Sanchez is an honest man. He is a millionaire by fate and circumstance. What's wrong with that?
Perry is an honest man. He is Governor by fate and circumstance. Anything bad here? Sanchez wants the teacher vote. He favors higher income for educators, better education, more schools to make 22 or 24 students per classroom a reality for all school districts.
Perry wants the teacher vote. He wants the same and is no different than his opponent in this aspect of the quest to earn his place as Governor.
Sanchez is not a scion of business. He has not built any business, but he has been intelligent enough to delegate authority and responsibility to capable executives.
Perry is not an elected Governor. He is an appointed politician who has been smart enough to go with the flow to keep from rocking the boat.
Sanchez is a good family man.

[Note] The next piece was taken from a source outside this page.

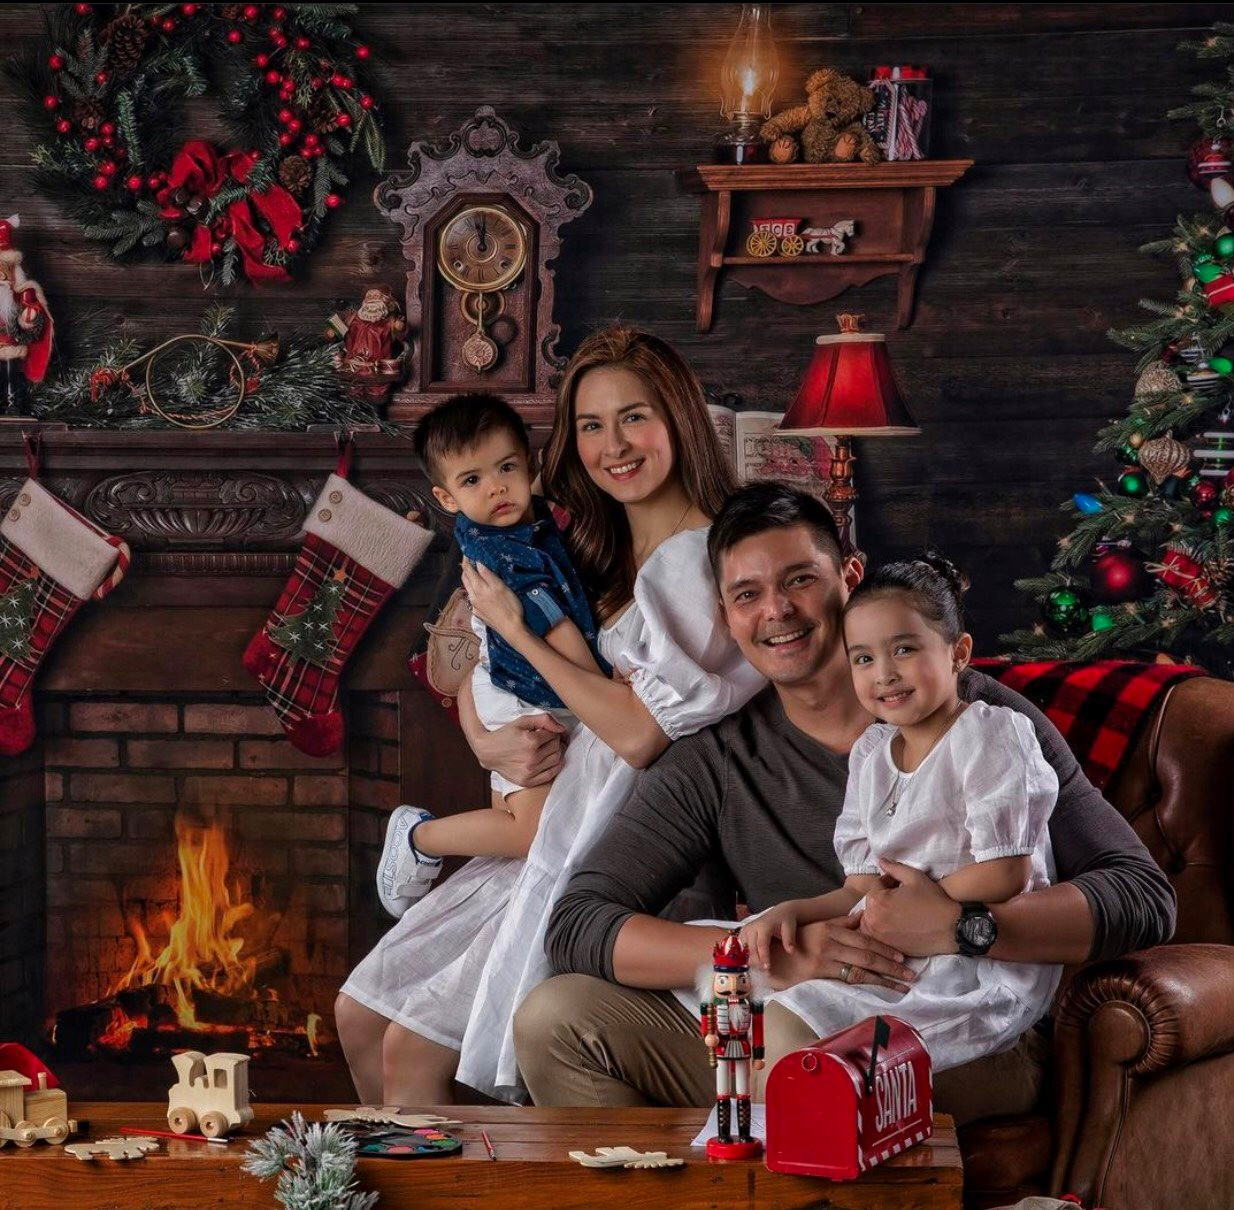 Hãy cùng đón Giáng sinh ấm áp bên gia đình và tạo ra những khoảnh khắc đáng nhớ để lưu giữ. Những bức ảnh gia đình đón Giáng sinh sẽ thực sự đầy yêu thương và hạnh phúc. Hãy xem ngay để cảm nhận cùng chúng tôi.

He does not have the reputation of being a lothario.
Perry is not known to have illicit relationships with women.
These two men have the same good intentions for Texans, consequently they try to discredit each other on a different plane.
Sanchez says Perry is being "bought" by business interests that contribute heavily to his campaign war chest.

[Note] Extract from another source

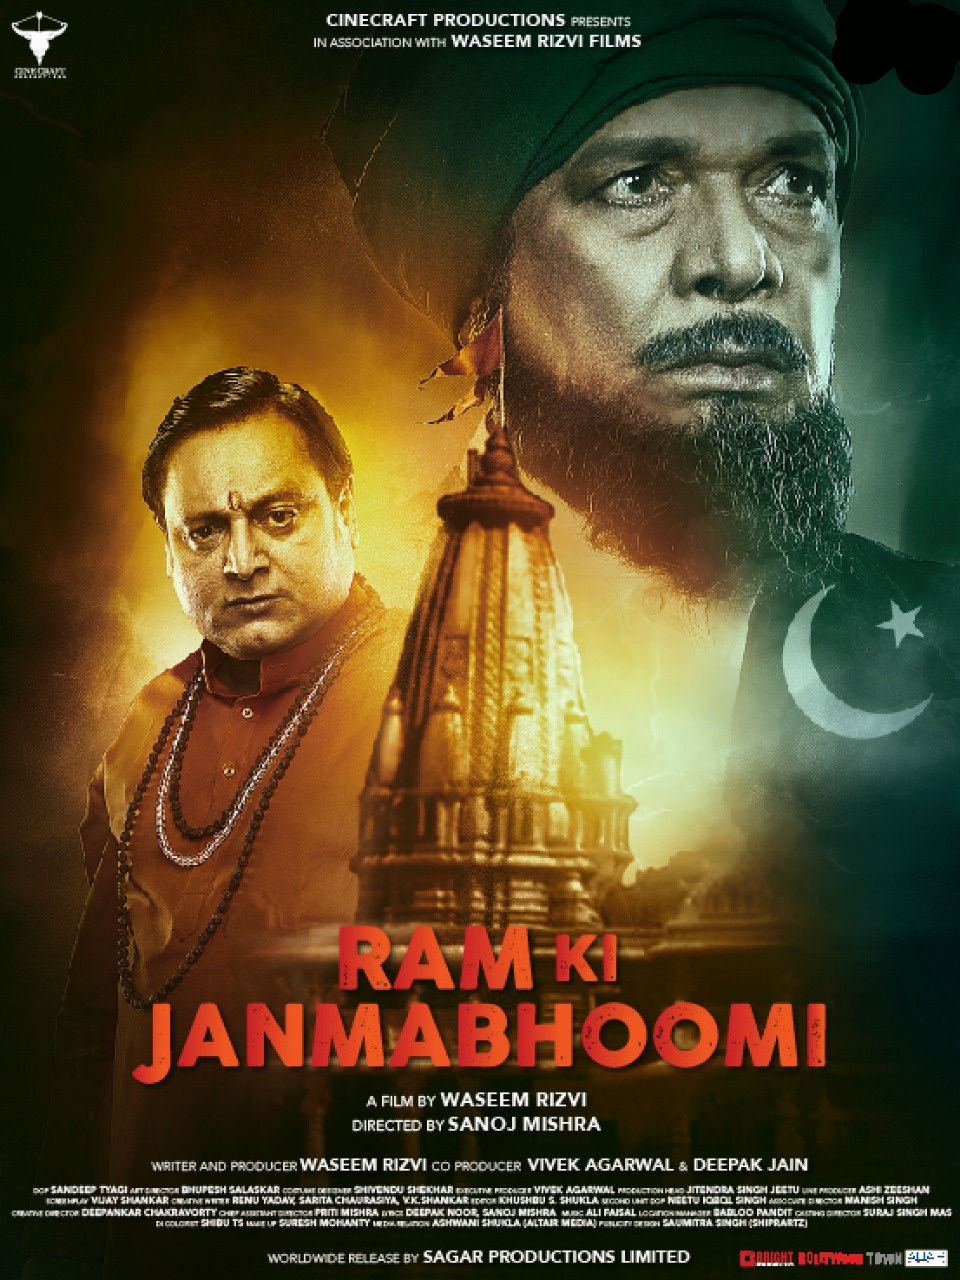 वसीम रिजवी की फिल्म राम जन्मभूमि को मिला सेंसर बोर्ड का सर्टिफिकेट. शिया वक़्फ़ बोर्ड के चेयरमैन हैं वसीम रिज़वी. 29 मार्च, 2019 को ऑल इंडिया रिलीज़ के लिए तैयार

Perry says Sanchez' past business activities smacked of money laundering for Mexican drug lords.
Neither accusation is based on actual proof.
Texans are also interested in Sanchez and Perry's detailed plan of action on other issues that have an impact on their lives.

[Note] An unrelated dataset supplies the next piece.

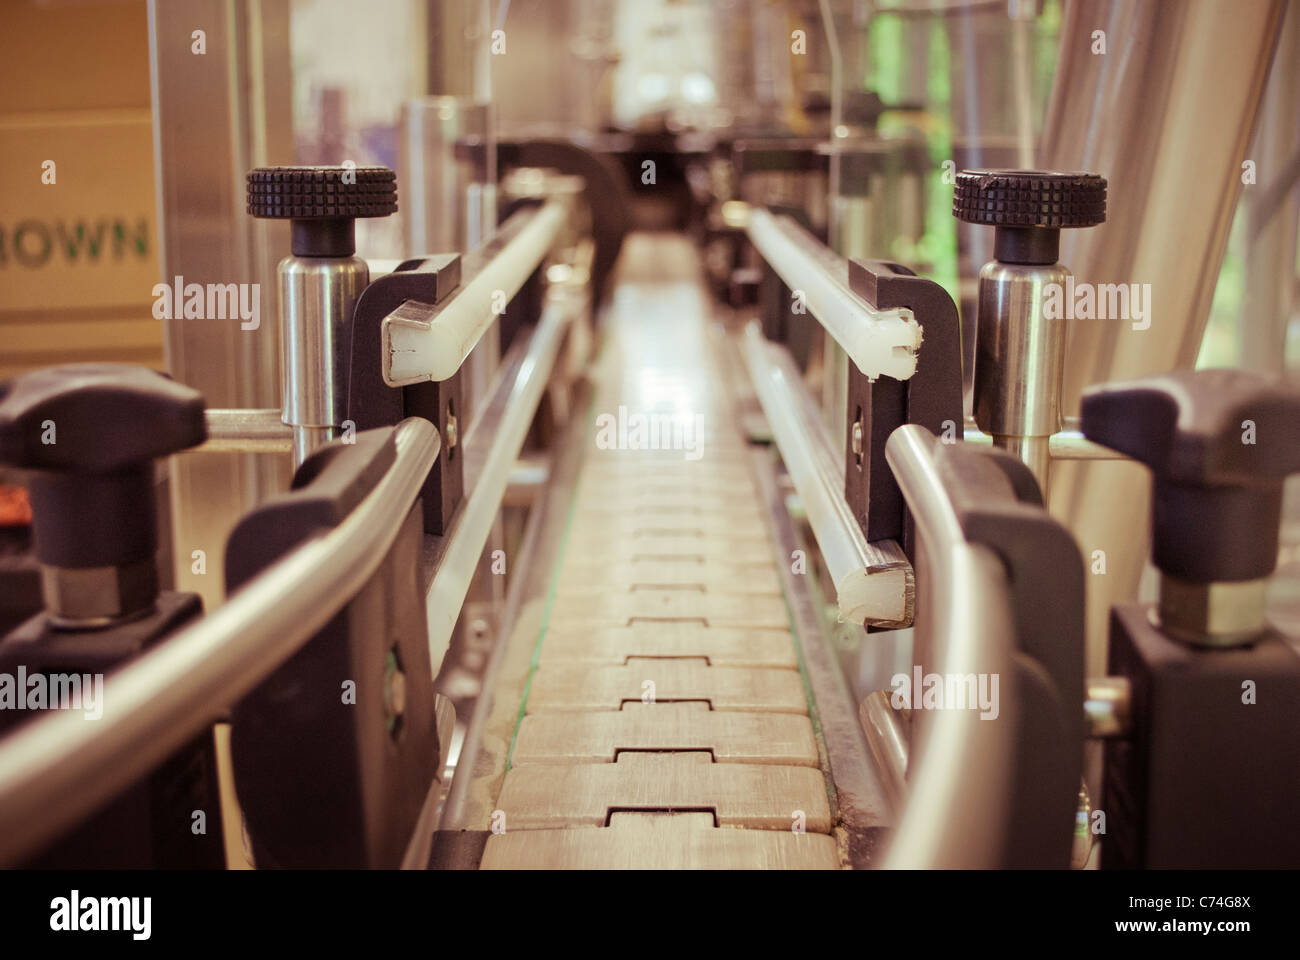 Beer brewery conveyor belt. Stock Photo

I would like to hear each candidate's views and resolution on business development, taxation, healthcare, welfare communicated to the public via newspaper, television, and radio. Enough of this baby kissing, group endorsements, and insurance company bashings.
All of this being the case, read this:
The Governor of Texas is a person first, with all of the inherent primitive territorial characteristics of a homo sapiens.
Sanchez is a Laredoan by birth and ancestry; Laredo is his home turf.
Consequently, unless Sanchez says or does something between today and Election Day that rubs you the wrong way, remember, "a vote for Sanchez is a vote for Laredo."

CUELLAR, BONILLA, ZAFFIRINI
Cuellar is a Laredo resident with a documented record of doing excellent work for his constituency during his tenure in the Texas legislature.
Bonilla, his wife, and children are San Antonians. When it comes to a standoff between the well being of Laredo and a decision favorable to San Antonio, I'll bet you my bottom dollar Bonilla will opt for San Antonio.
Senator Judith Zaffirini is carrying the Bonilla banner against Cuellar. She apparently has some axe to grind with Henry Cuellar.
Laredo needs to know why Senator Zaffirini is campaigning for Bonilla, against our own Henry Cuellar.
Laredo has been as good to her as she has been for Laredo. So what happened, Senator?

Finally: What gives us the right to around telling the world that their leaders require our approval to govern? How presumptuous, how imperialistic!
We already have our finger in a number of pies all over the world. We are giving money to virtually every country in both hemispheres. It seems Mr. Bush and his cronies want to control the world, aka, "It's our way or the highway."
The USA is locked in a worsening deficit position due to the policies of the current administration. Mr. Bush is employing the political camouflage of getting us to focus on an alleged threat from a Middle Eastern country based on circumstantial evidence. This is an obvious effort to divert our attention from his pitiful handling of our country's economy.
Never forget it's the young rank and file that takes the fatal hit in hot wars, not the politicians sipping wine over lobster truffle canapés and petit fours on the Washington, D.C., cocktail whirl.
If you disagree with any decision that the current administration may perpetrate on you, don't just sit in your easy chair in front of the TV and beer burp or cutesy-pie your life away.
Take the time to write to Representative Henry Bonilla (for now), Senator Kay Bailey Hutchinson, and Phil Gramm (for now).
Here's hoping and praying that the October 2002 edition of LareDOS does not hit the streets with "USA ARMED FORCES ATTACK IRAQ!"

(Henri D. Kahn is the writer of the LareDOS column Seguro Que Si. This piece was submitted as the column for September, but we have chosen to run it as an op-ed.)